TASK PROMPT — Beginning at the line that contains "albert wesker staring" and finishing at the line that contains "Fitbit Inspire 2", output the data below exactly. Include both end lines and no pictures.

BEGIN SOURCE MATERIAL

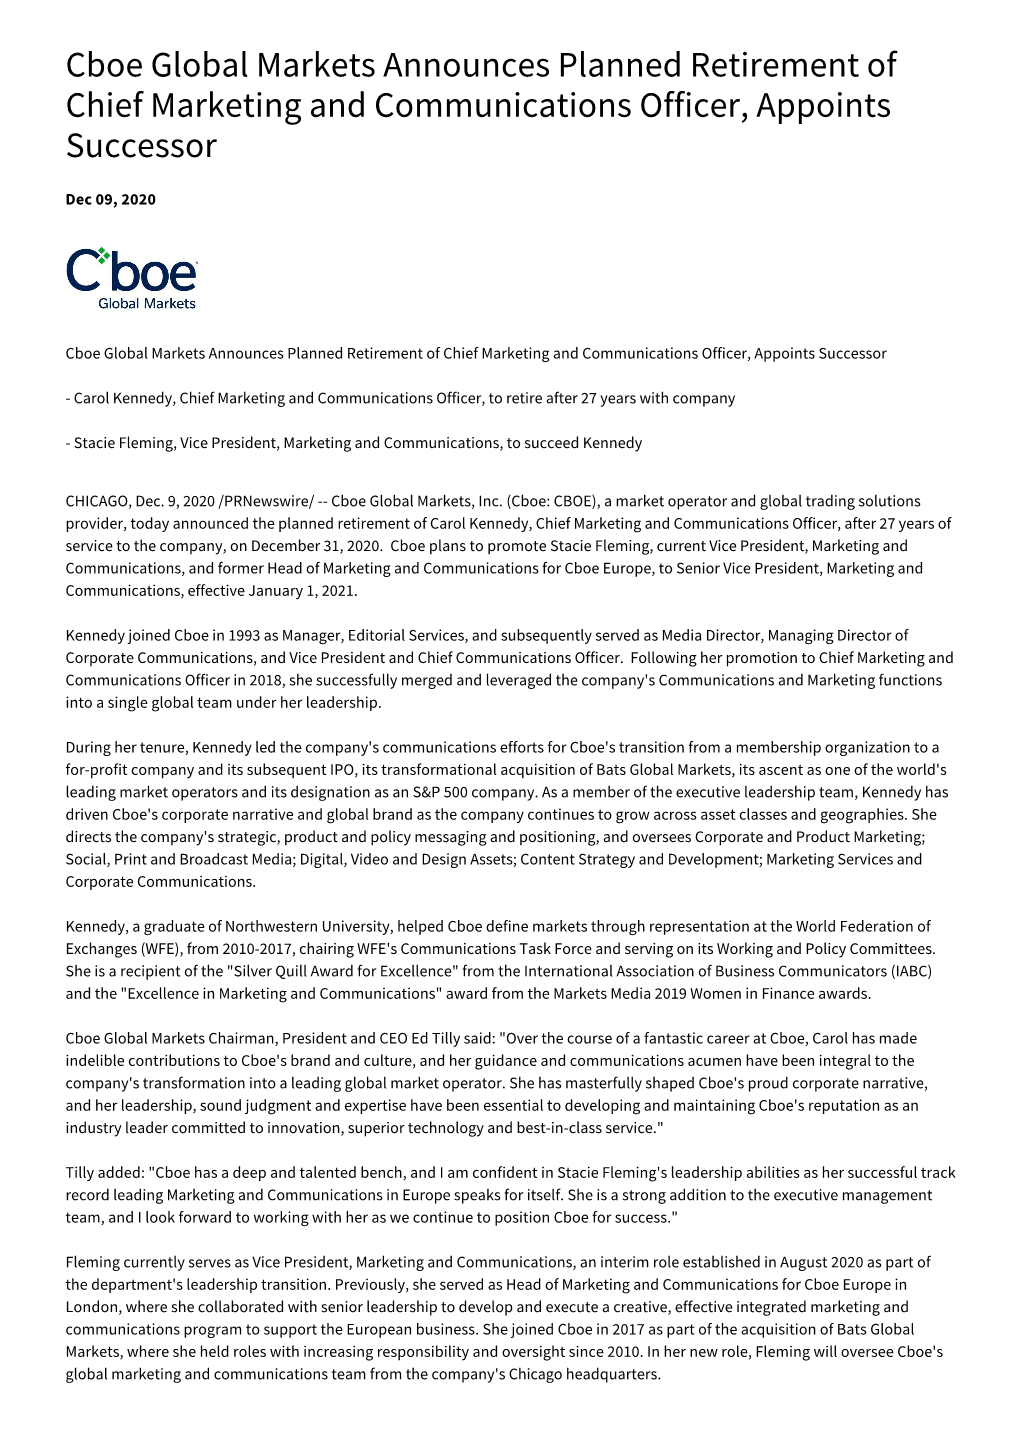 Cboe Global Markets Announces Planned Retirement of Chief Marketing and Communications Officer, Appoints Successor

END SOURCE MATERIAL
BEGIN SOURCE MATERIAL

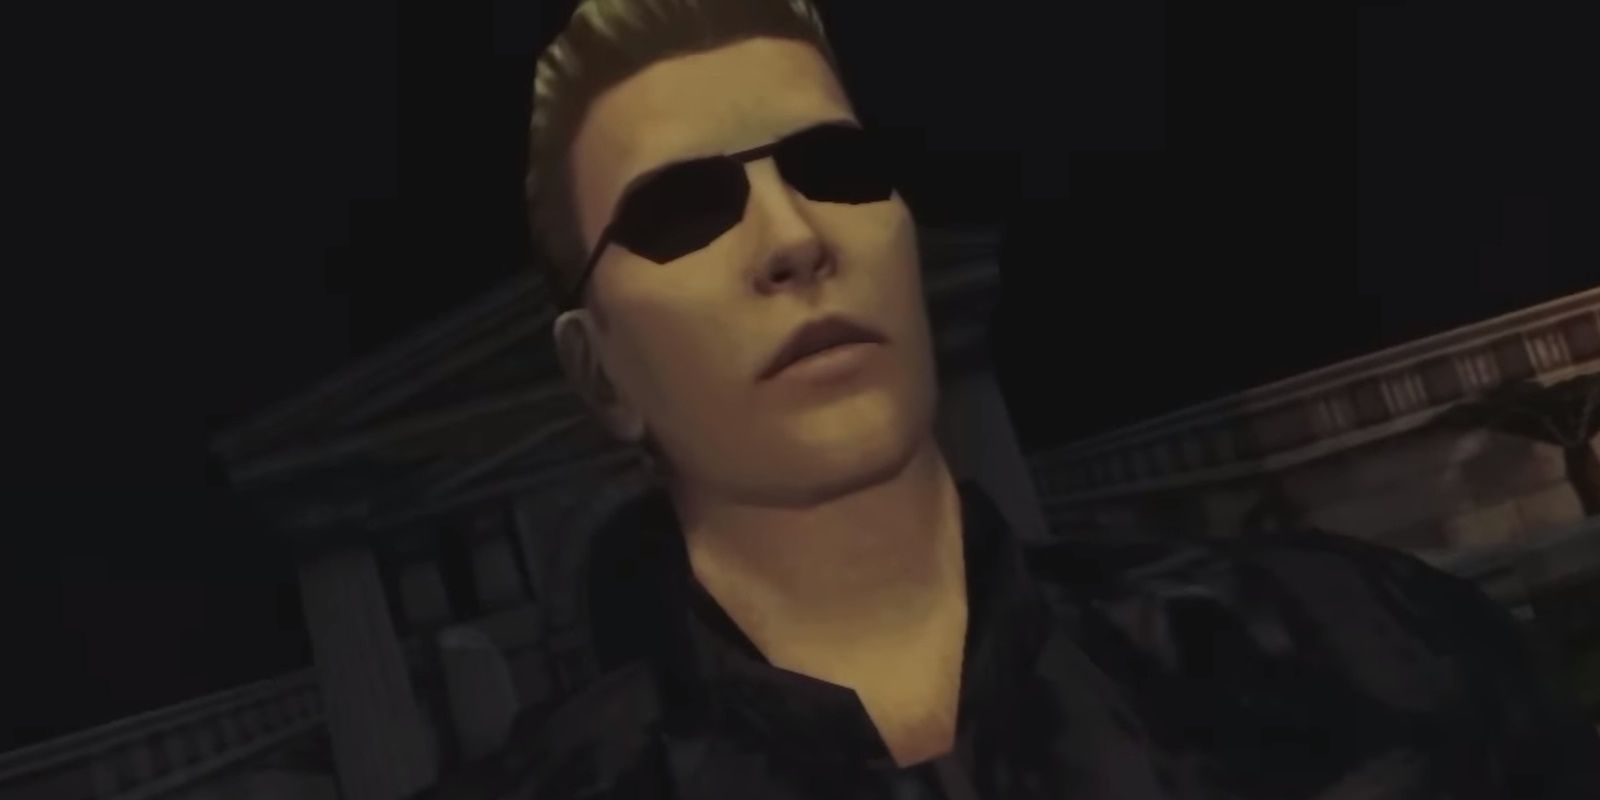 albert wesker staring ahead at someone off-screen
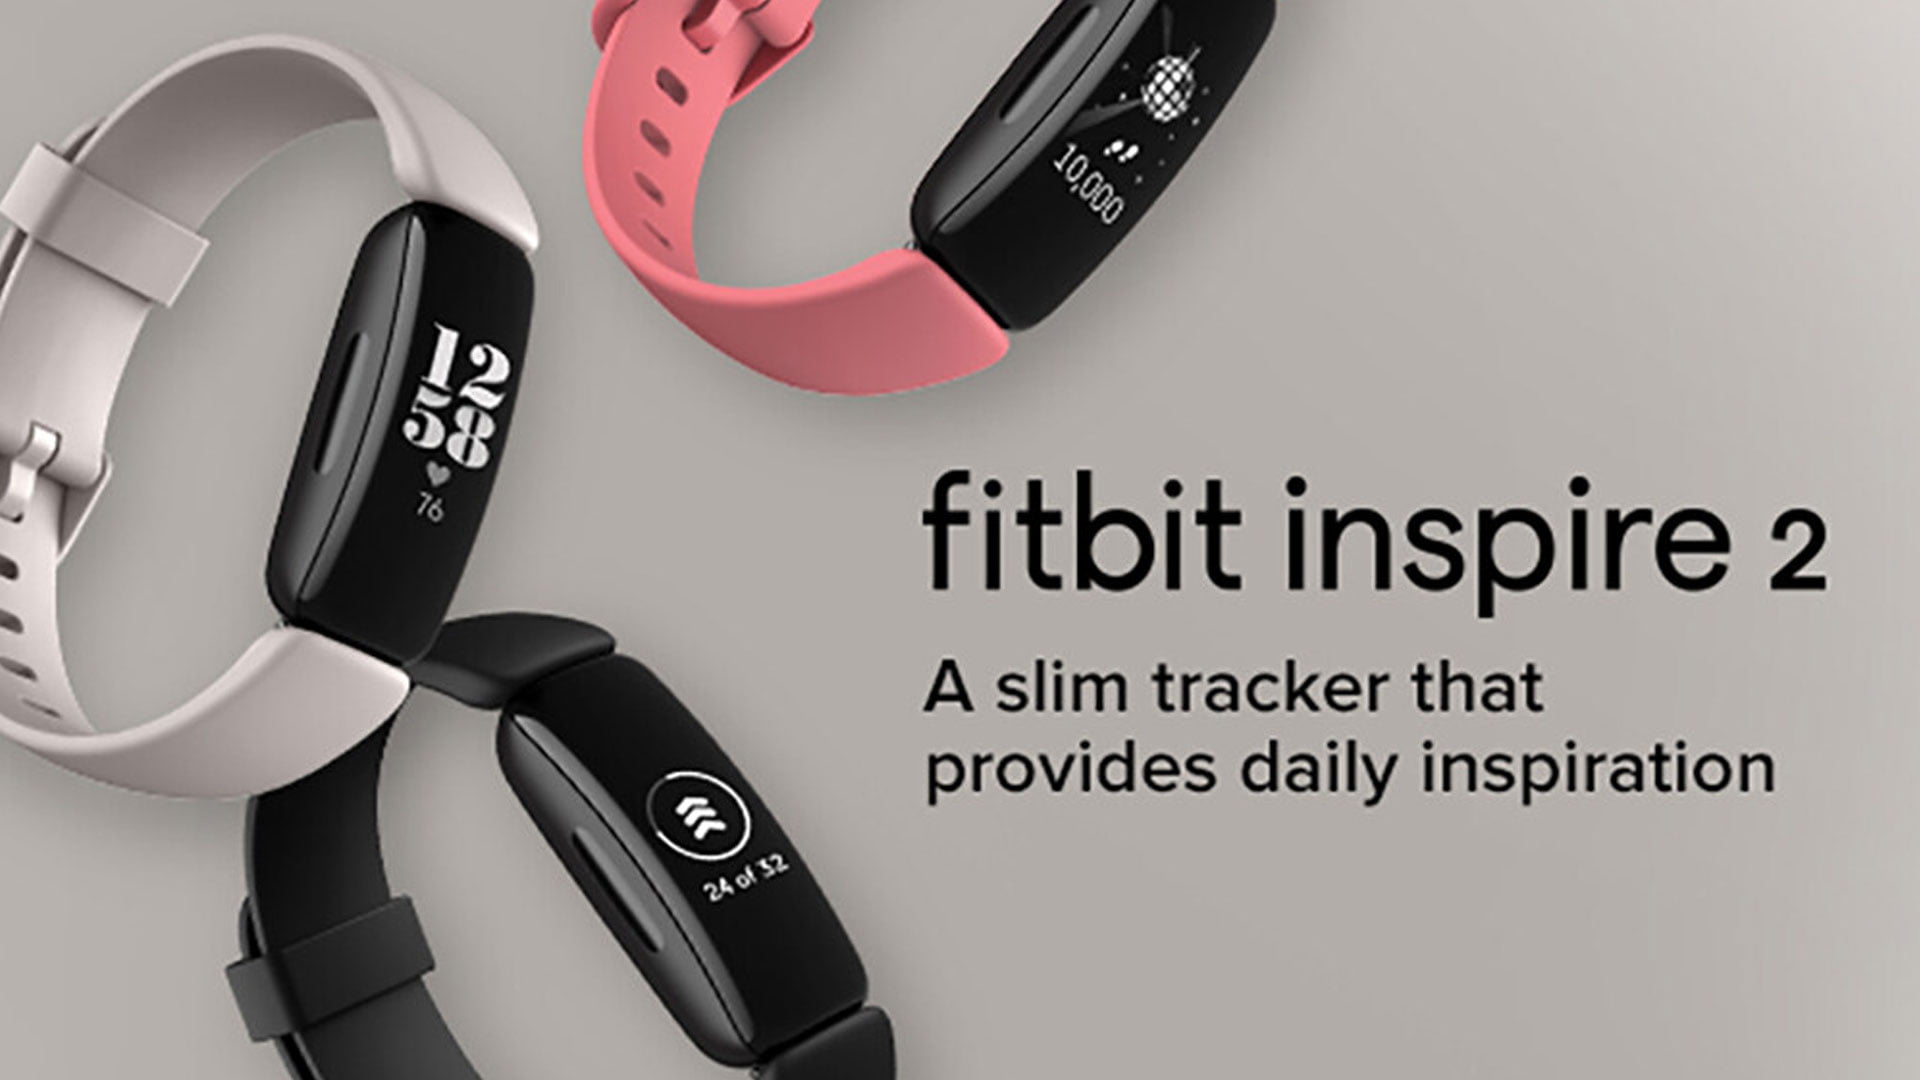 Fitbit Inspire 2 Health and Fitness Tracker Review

END SOURCE MATERIAL

ANSWER AREA —
 albert wesker staring ahead at someone off-screen
 Fitbit Inspire 2 Health and Fitness Tracker Review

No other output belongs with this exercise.